Khem and Wan, two young men from the city of Paet Riw, are tasked with investigating clues in Man Suang, the most majestic and mysterious entertainment venue in Bangkok. Behind the curtain of happiness, this place where international people gather was the site of political planning and settlement at the end of the reign of King Rama III of the Rattanakosin period. Two friends joined the troupe and met Chat, the band's hand. Their relationship develops as Man Suang's dark secrets and the knots in their hearts gradually come out.

== Cast ==

- Apo Nattawin Wattanagitiphat as Khem, a commoner from rural Thailand who joins Man Suang as a khon dancer with a secret mission and hopes to better his station in life and society.

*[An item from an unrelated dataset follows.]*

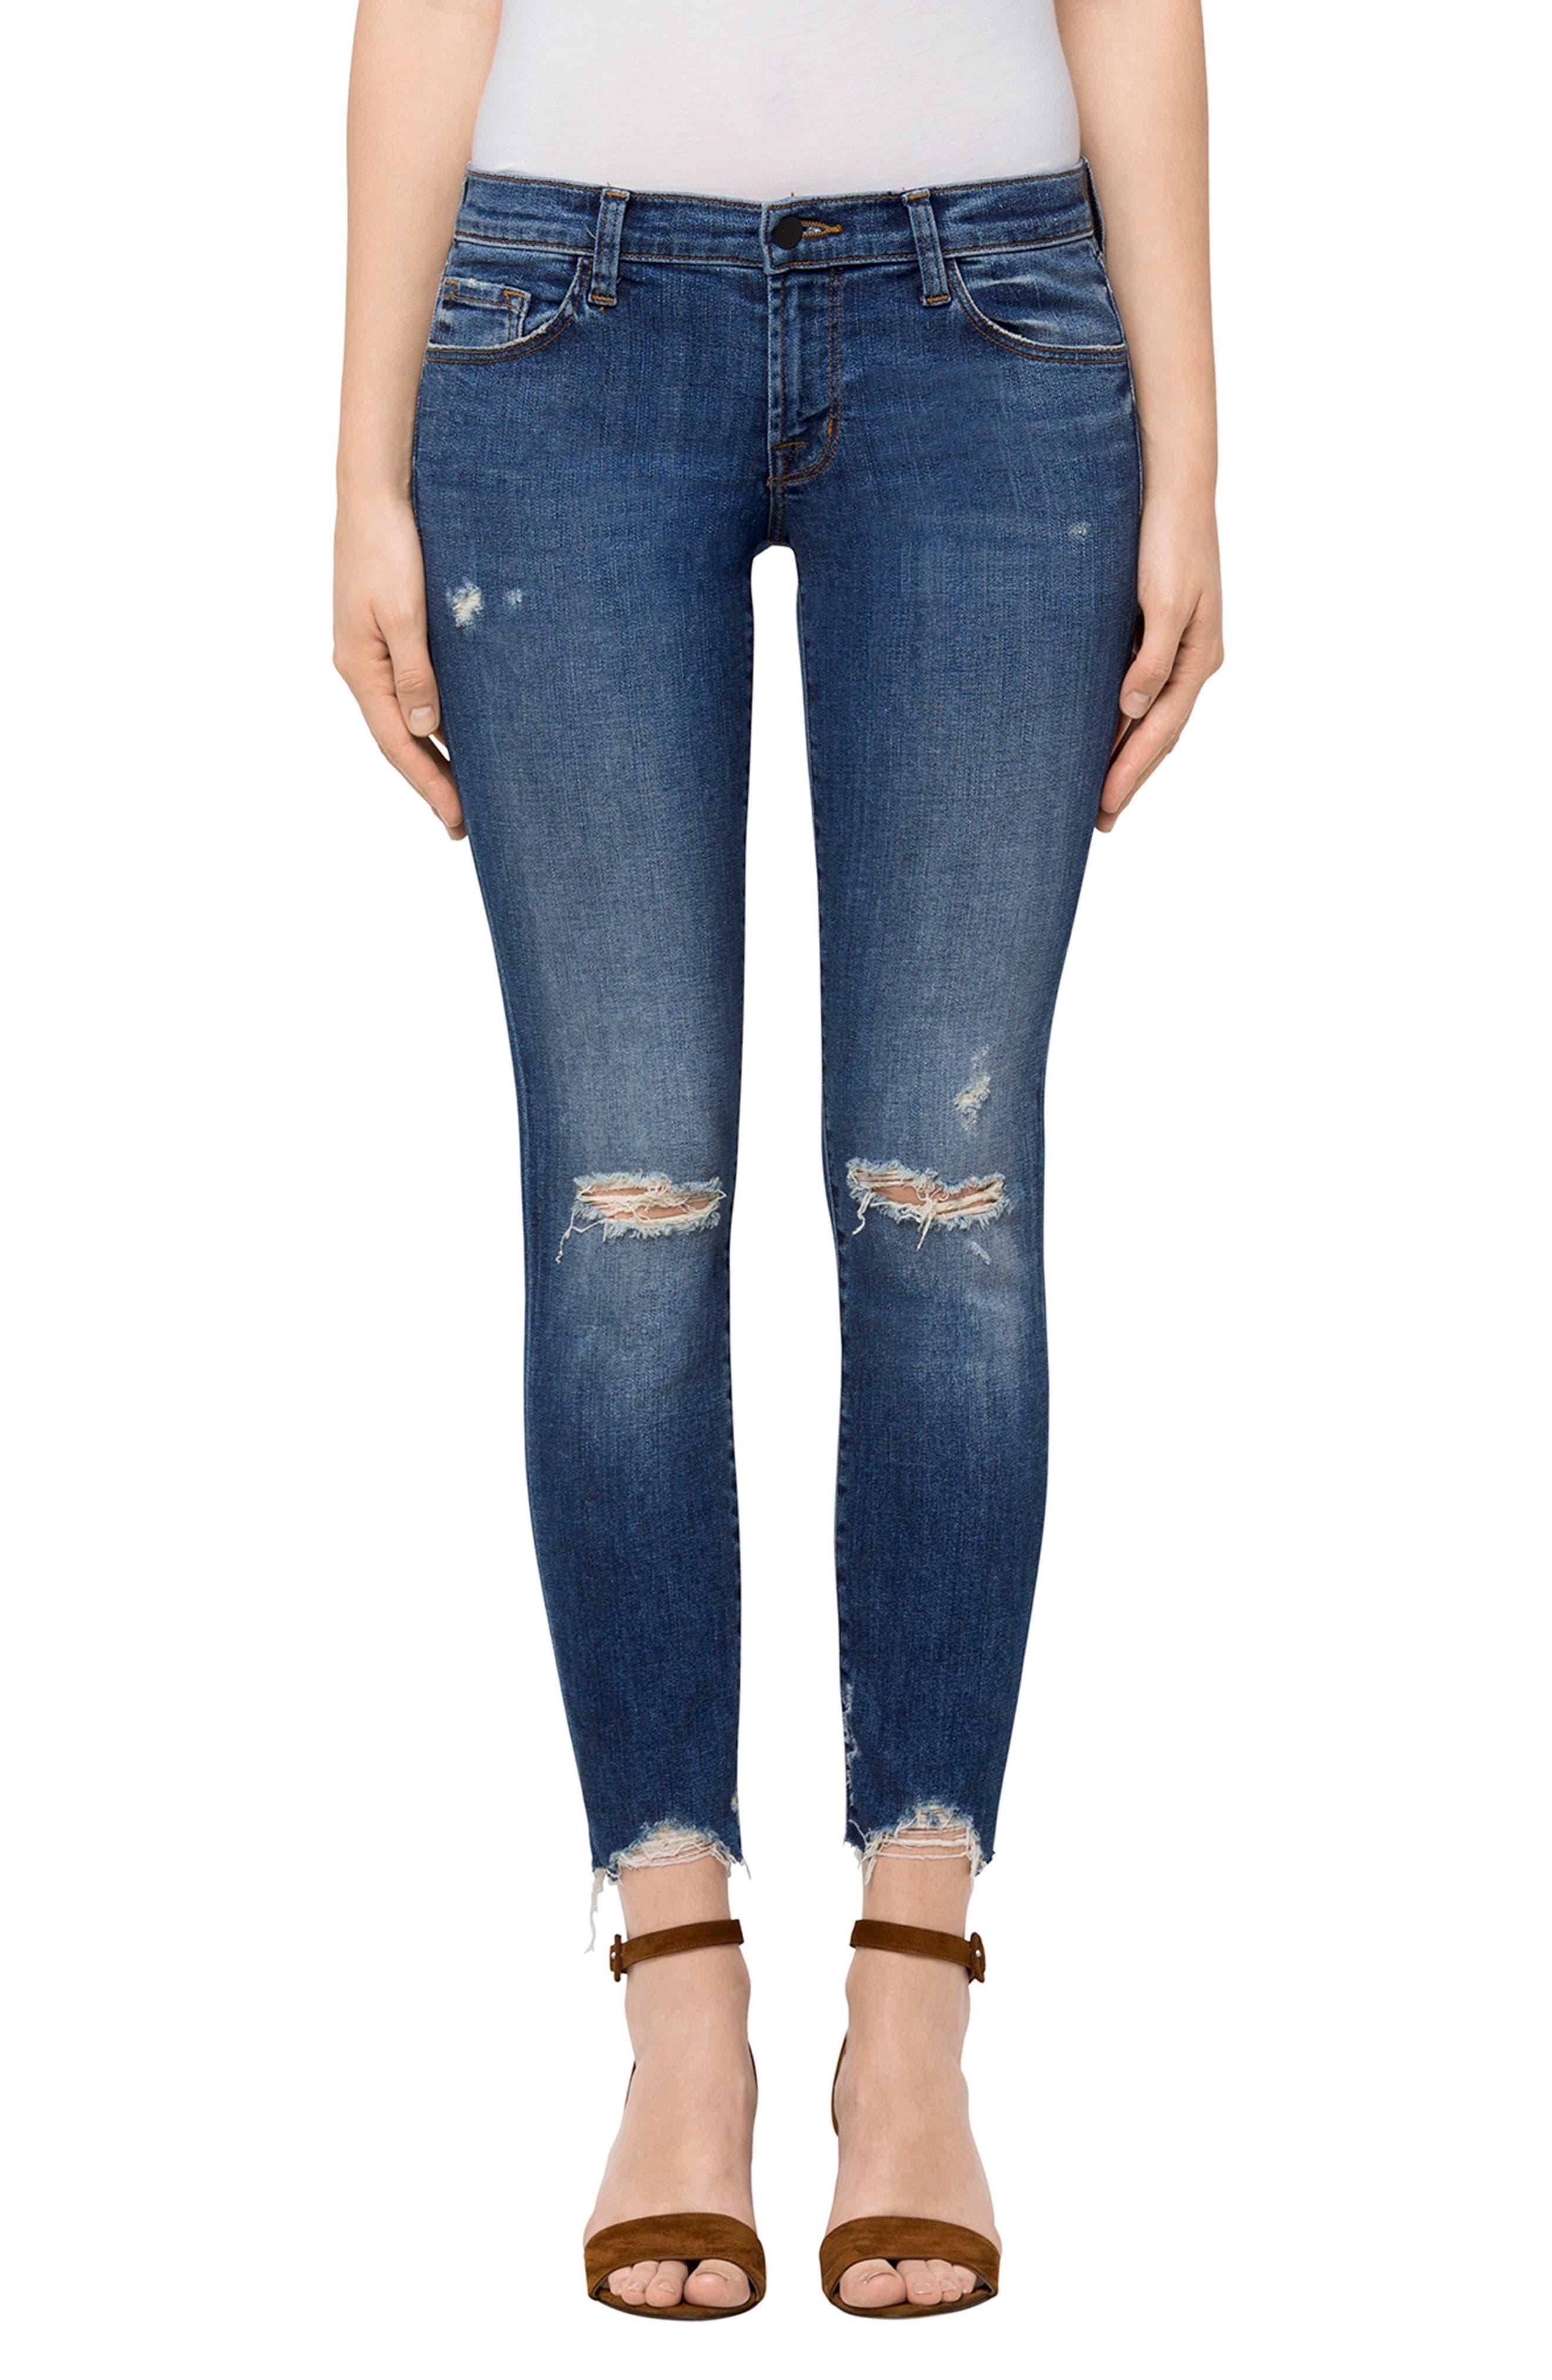 9326 Low Rise Crop Skinny Jeans,                             Main thumbnail 1, color,                             Revoke Destruct

- Mile Phakphum Romsaithong as Chatra, a taphon player with a secret identity who has motives of his own. He joins forces with Khem and Wan to help them on their mission.

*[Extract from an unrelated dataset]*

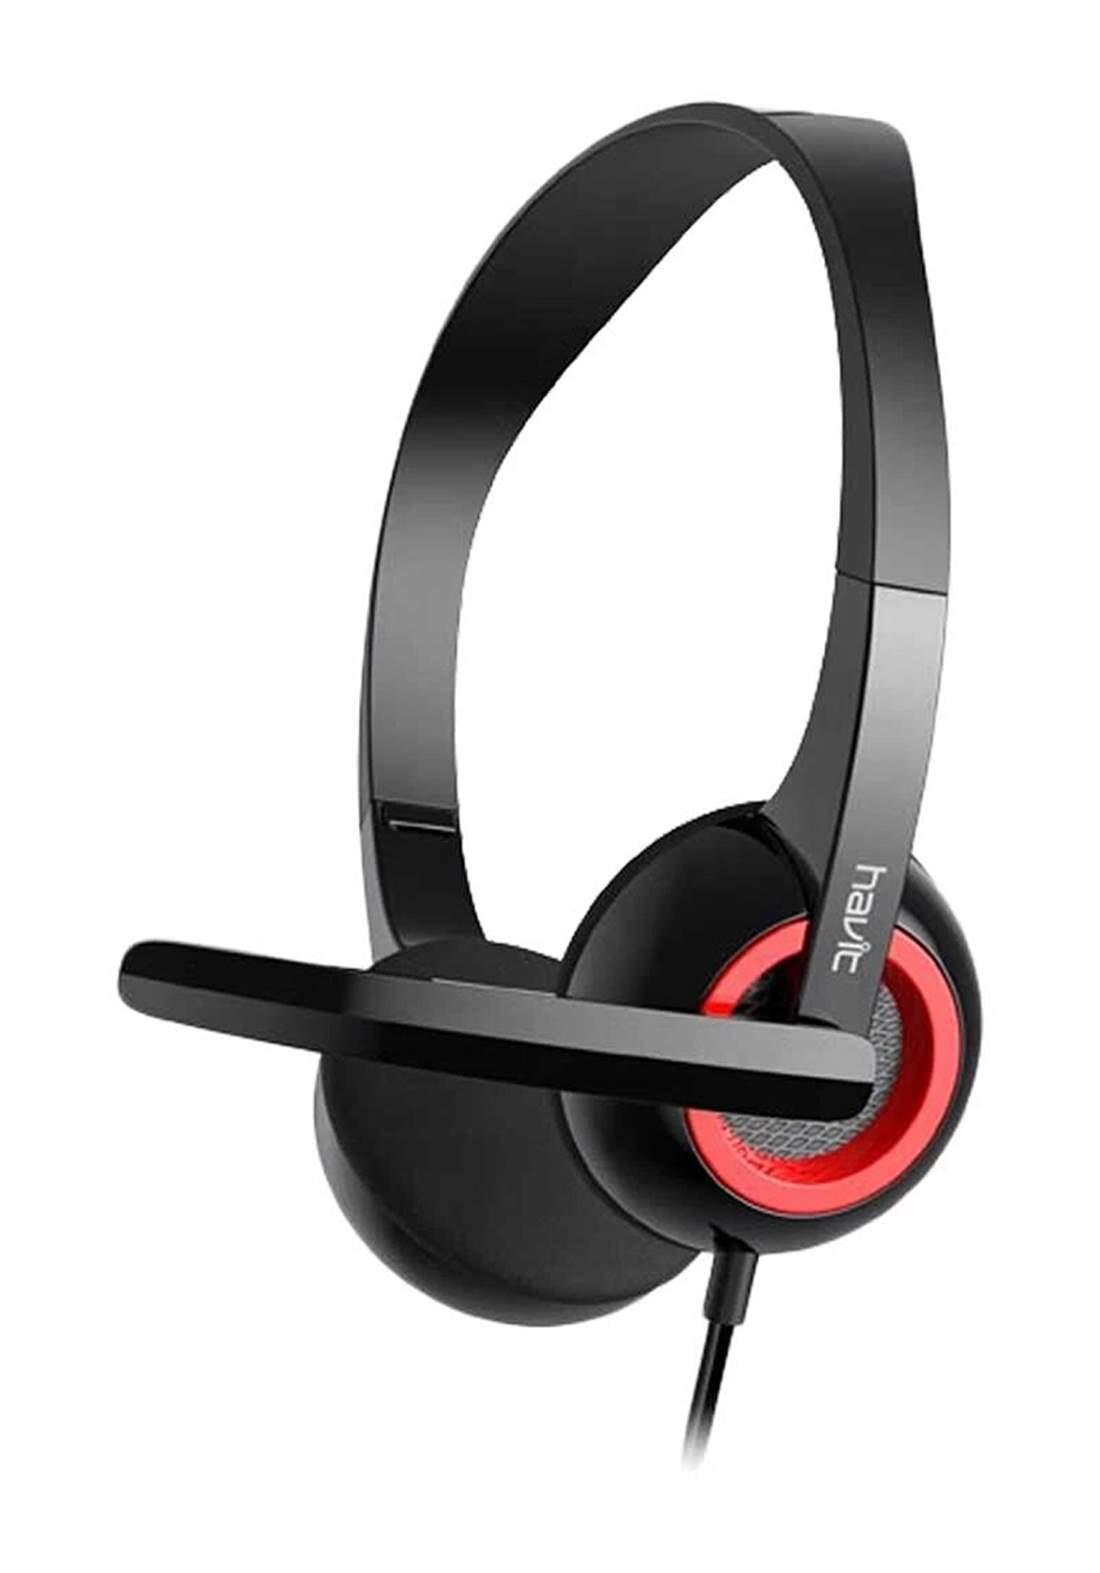 Havit H202d wired Headset - Black

- Bas Asavapatr Ponpiboon as Wan, Khem's best friend. He helps Khem on his mission in Man Suang.
- Tong Thanayut Thakoonauttaya as Hong, the son of Man Suang's owner and a businessman, a man with dubious motives.

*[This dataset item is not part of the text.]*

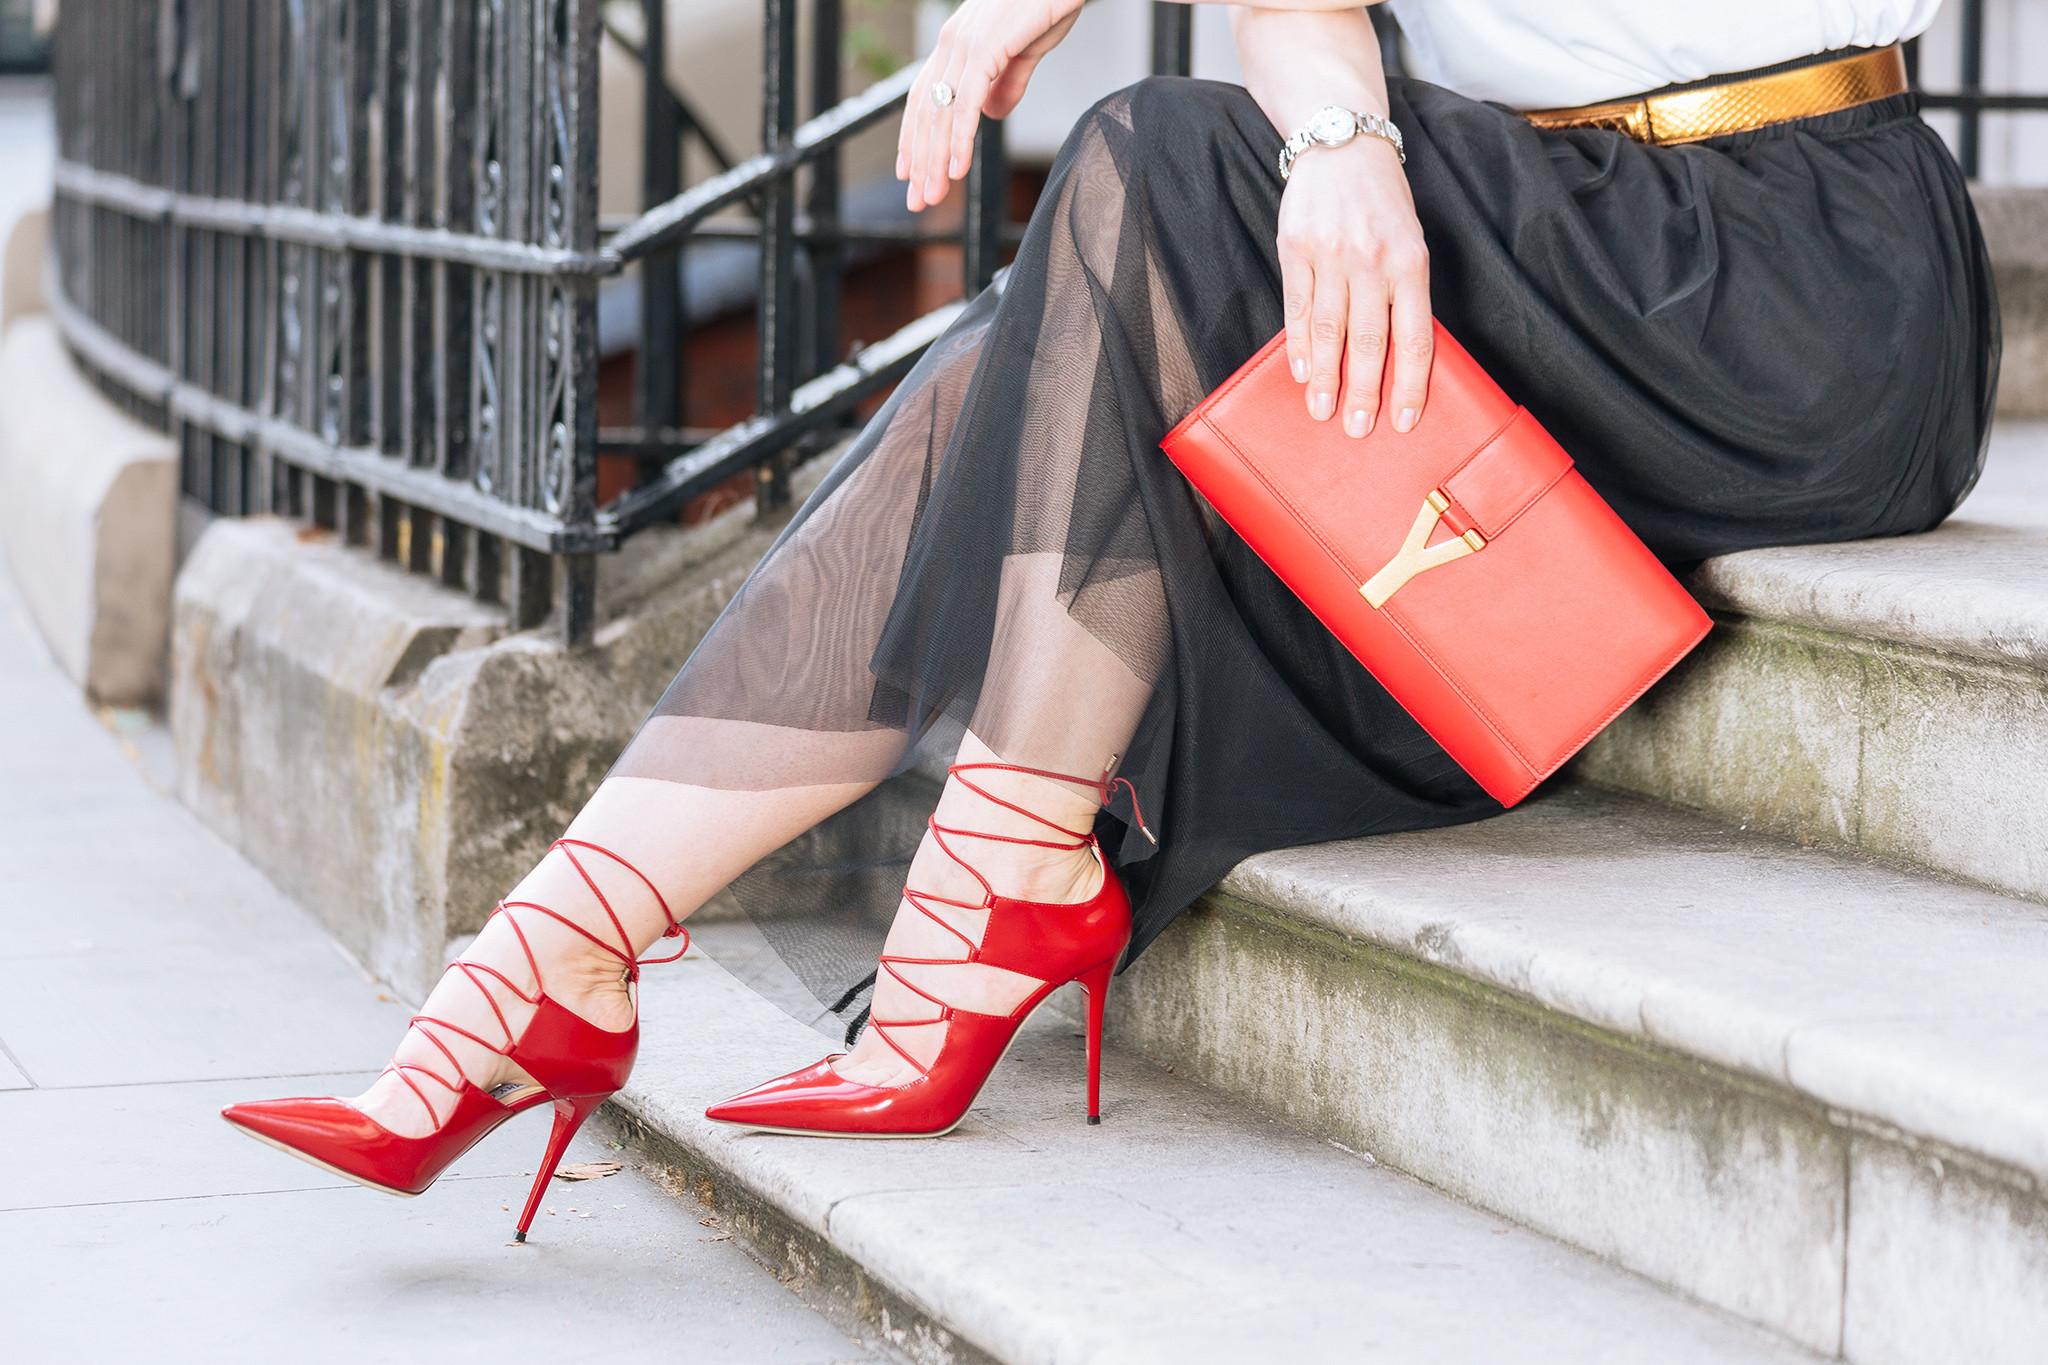 Jimmy Choo red shoes, long black tulle skirt

- Nat Chartchai Ketnust as Chao Sua Cheng, the owner of Man Suang. He's an overseas Chinese man, ambitious and farsighted, and has a compassionate nature towards his friends.
- Gandhi Wasuwitchayagit as Phraya Wichiendej, a new generation Royal Navy aristocrat.
- Tua Pradit Prasartthong as Phraya Bodisorn, a nobleman from the Thai Royal Court, is influential and powerful.
- Chua Sornchai Chatwiriyachai as Khun Sutin Borirak, a civil servant of mixed Chinese heritage
- Saifah Tanthana as Tiang, the right hand man of Chao Sua Cheng, adopted by him when Tiang's father died.
- Orn Ornanong Panyawong as Mae Kru Phikun, the trainer for all traditional dancers at Man Suang, she was a former dancer in the Royal Court during the previous king's reign.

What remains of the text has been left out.